I'm looking at the system's console during installation. Sending it
somewhere else is hiding it from me.
> On bare metal, the console output can typically go two places:
> 1. The screen
> 2. A serial port
> For server applications serial has several advantages over the screen:
> * You can capture the output to more easily report bugs
> * If you're capturing it you can keep things that would have scrolled
> off-screen, or been erased due to a reboot
> * In a datacenter it's faster, more convenient, and cheaper than an
> IP-based KVM switch
I get what these things are, but not what hvc0 is doing.
This system has built-in IPMI, the installation was done remotely using it.

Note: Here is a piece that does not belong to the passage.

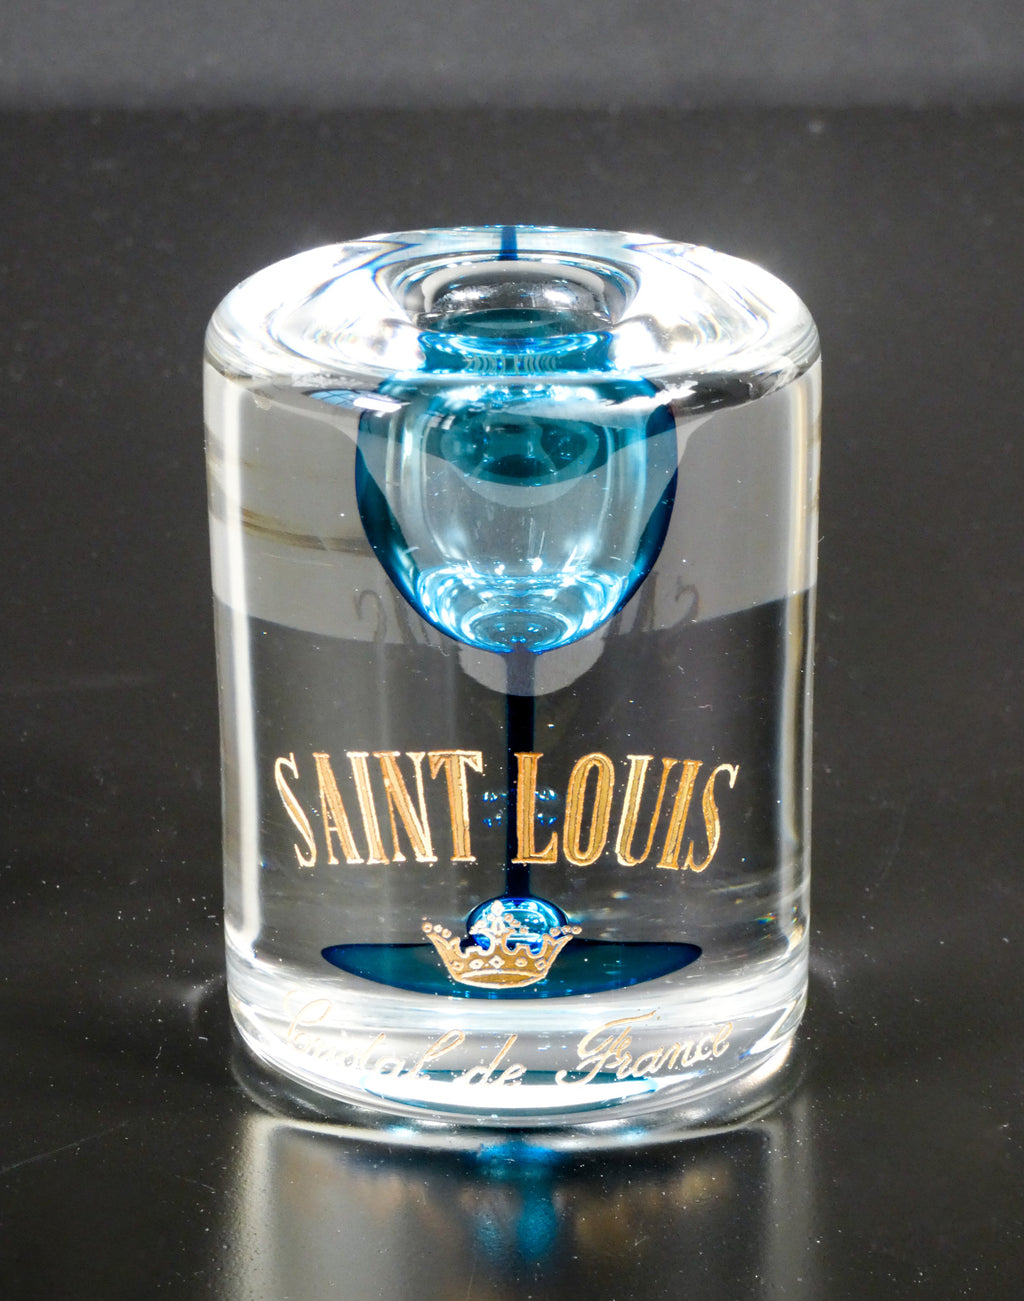 scultura cristallo saint louis cristal de france 1960 promozionale pubblicitaria

> Xen has the same two options above; but when Linux is running as a
> dom0 under Xen, there are three places to put it:
> 1. The screen
> 2. A serial line
> 3. Send it to Xen to put wherever Xen is putting it
> #1 is easy, but #2 is tricky because Xen is likely to be already using
> the serial port you want to use.
> "console=hvc0" is #3.
> What's your Xen command-line look like? The default should be
> "console=com1,tty", so Xen's output should show up both places (and so
> should Linux's if it's set to console=hvc0).
This is what's defined in /etc/default/grub following the install of the
GRUB_CMDLINE_XEN_DEFAULT="dom0_mem=1024M,max:1024M cpuinfo com1=115200,8n1
console=com1,tty loglvl=all guest_loglvl=all"
I didn't set these myself, this is what the xen package (or one of its
dependencies) is doing.
I'm still not clear on why hvc0 is needed, or why it's being set, but what
I do know for sure is it was causing the boot messages to be suppressed.